- What is needed: Write out the full listing exactly as given, minus the images.

Start of Data section

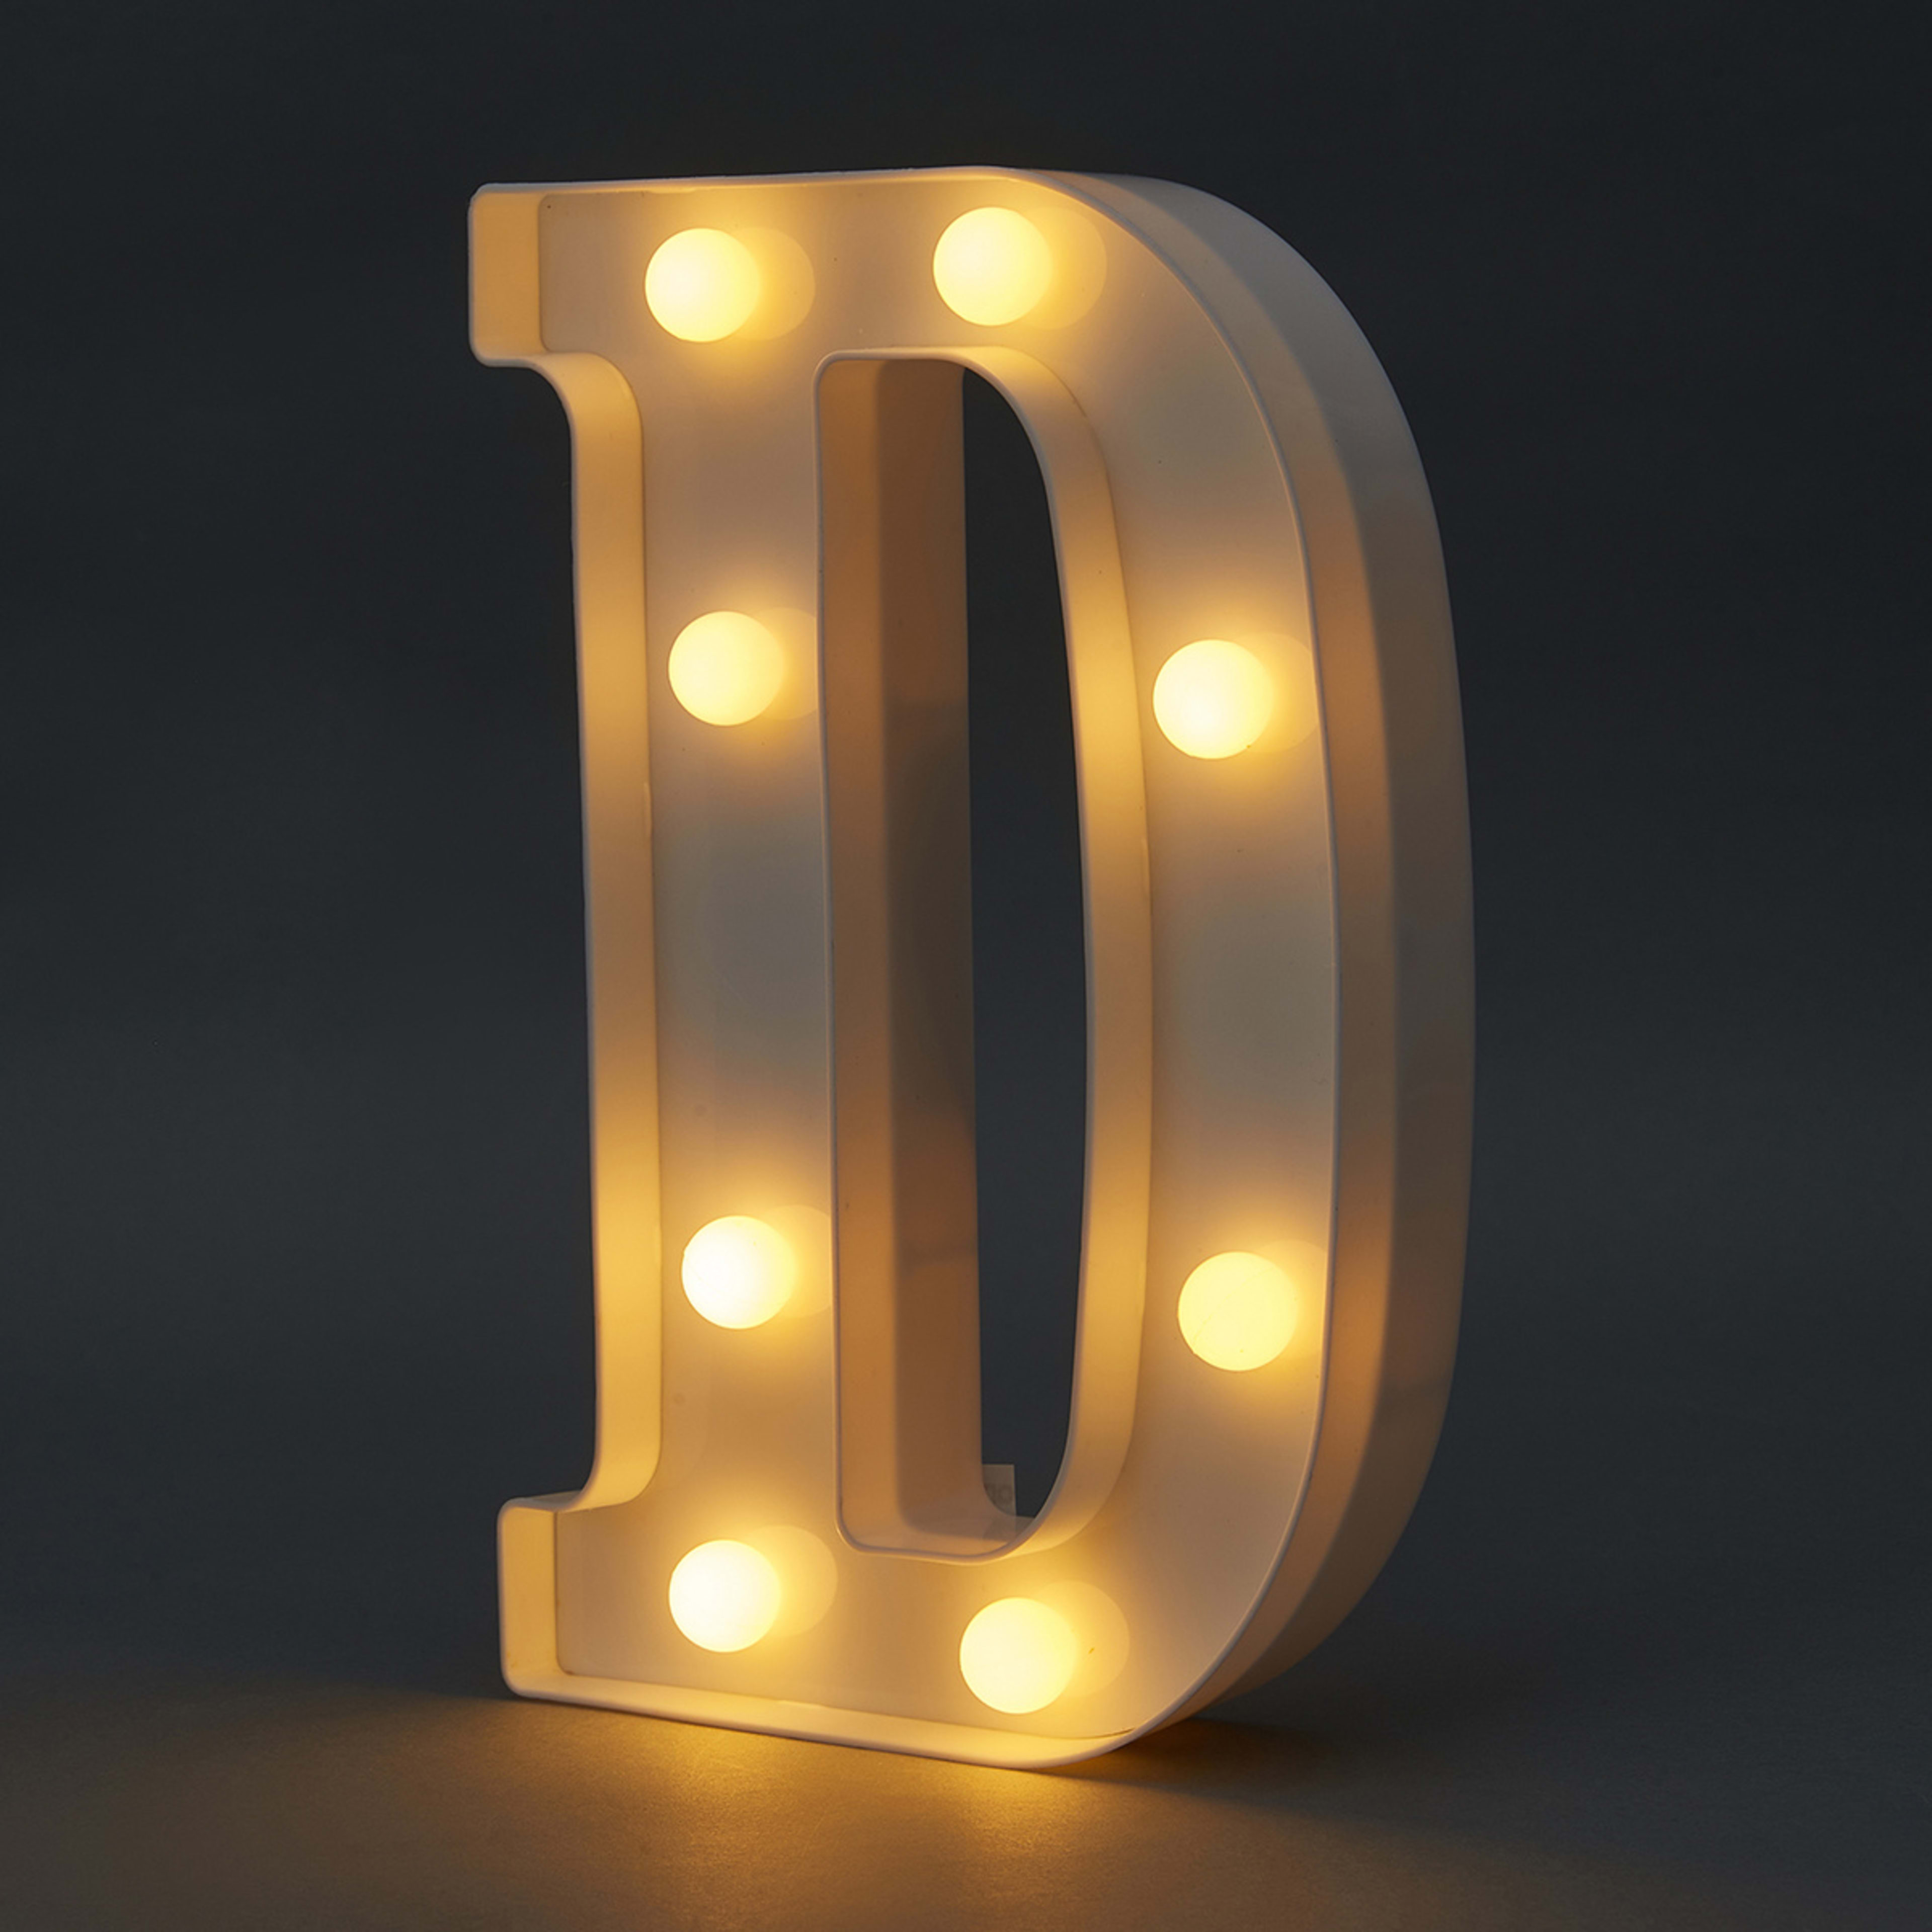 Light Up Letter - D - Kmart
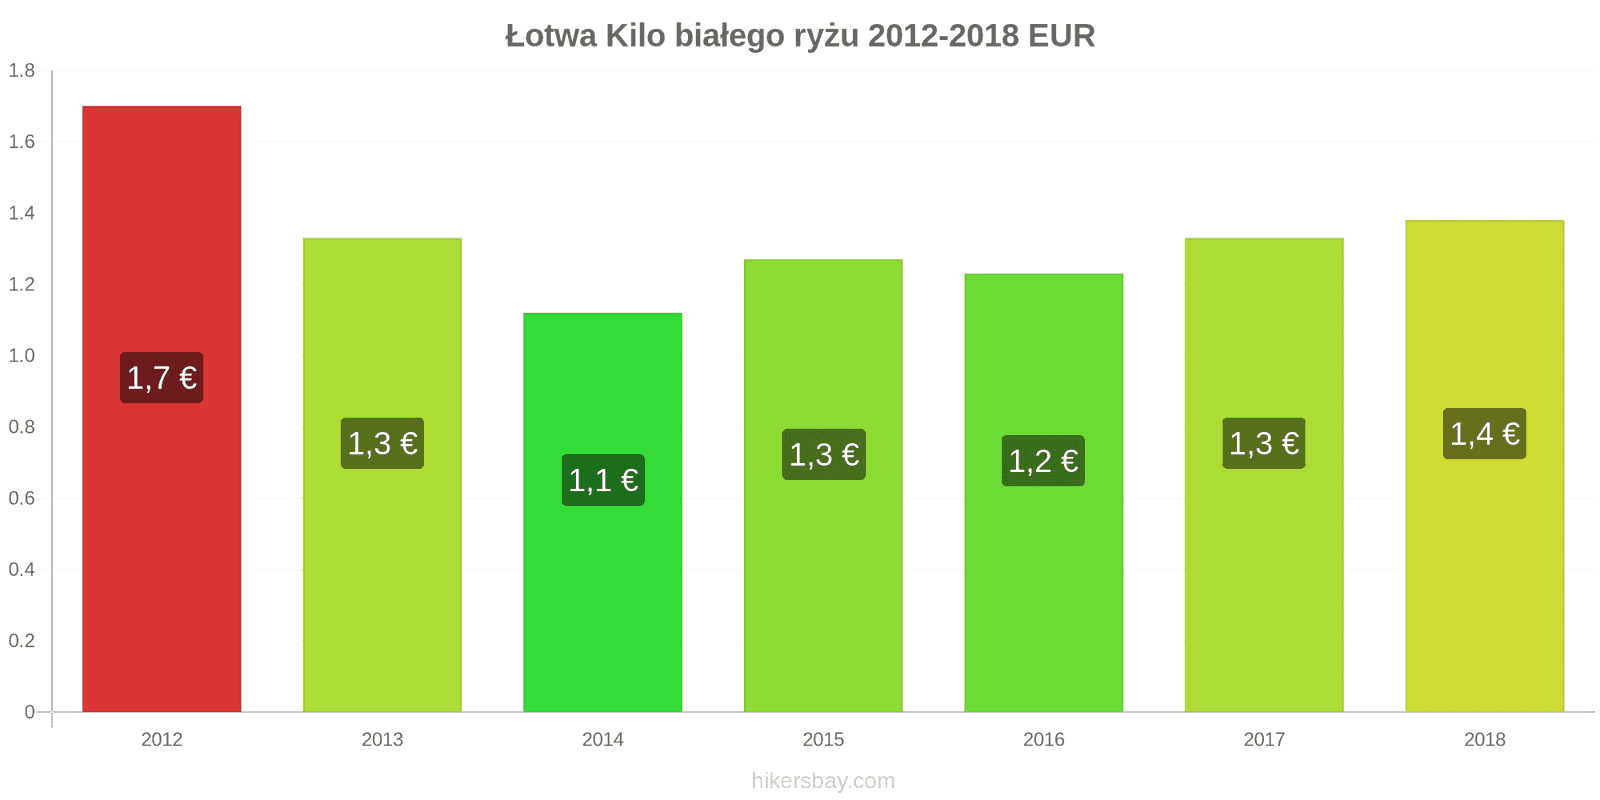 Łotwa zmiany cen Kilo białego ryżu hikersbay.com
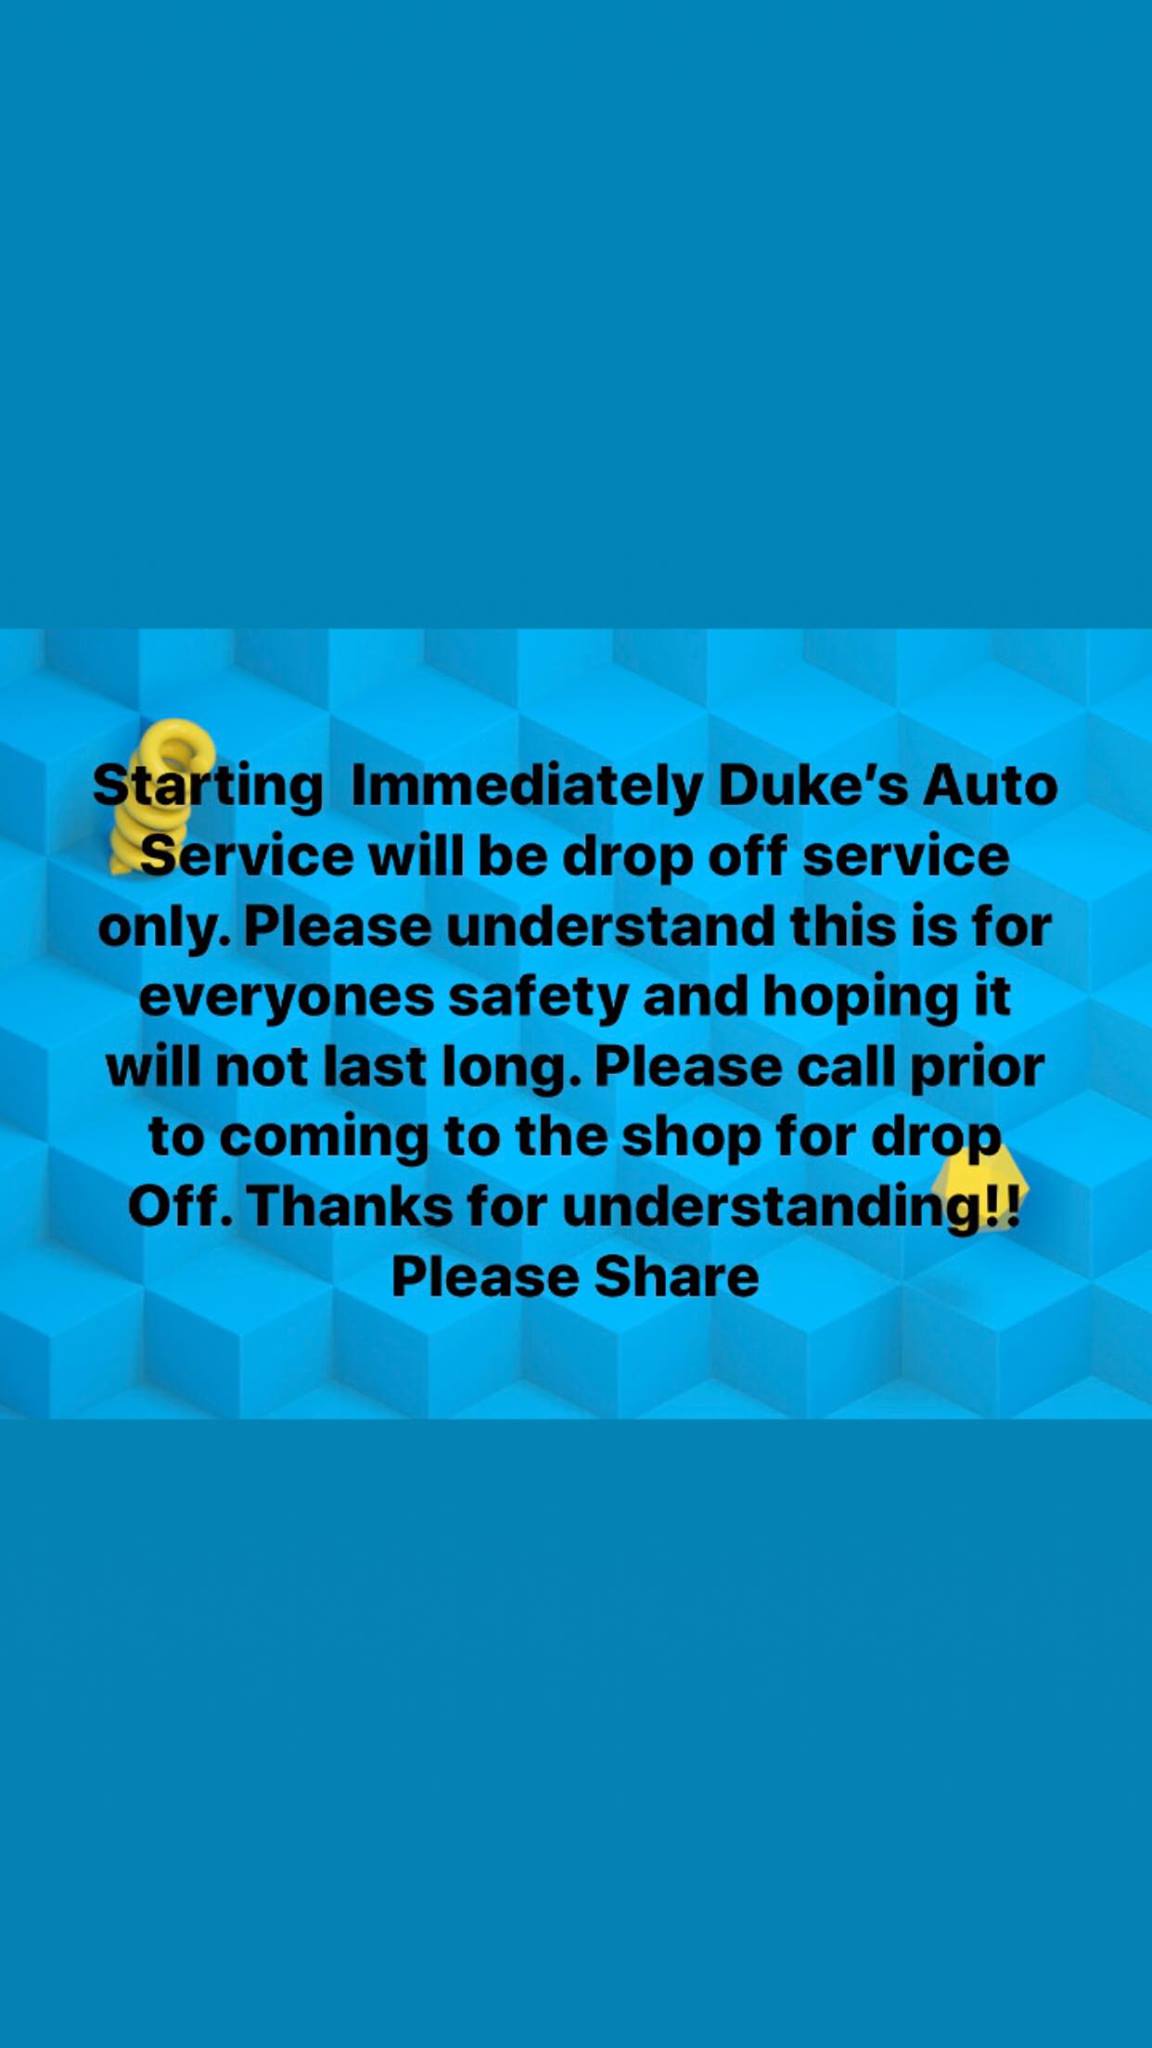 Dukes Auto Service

End of Data section

- Solution:
 Light Up Letter - D - Kmart
 Łotwa zmiany cen Kilo białego ryżu hikersbay.com
 Dukes Auto Service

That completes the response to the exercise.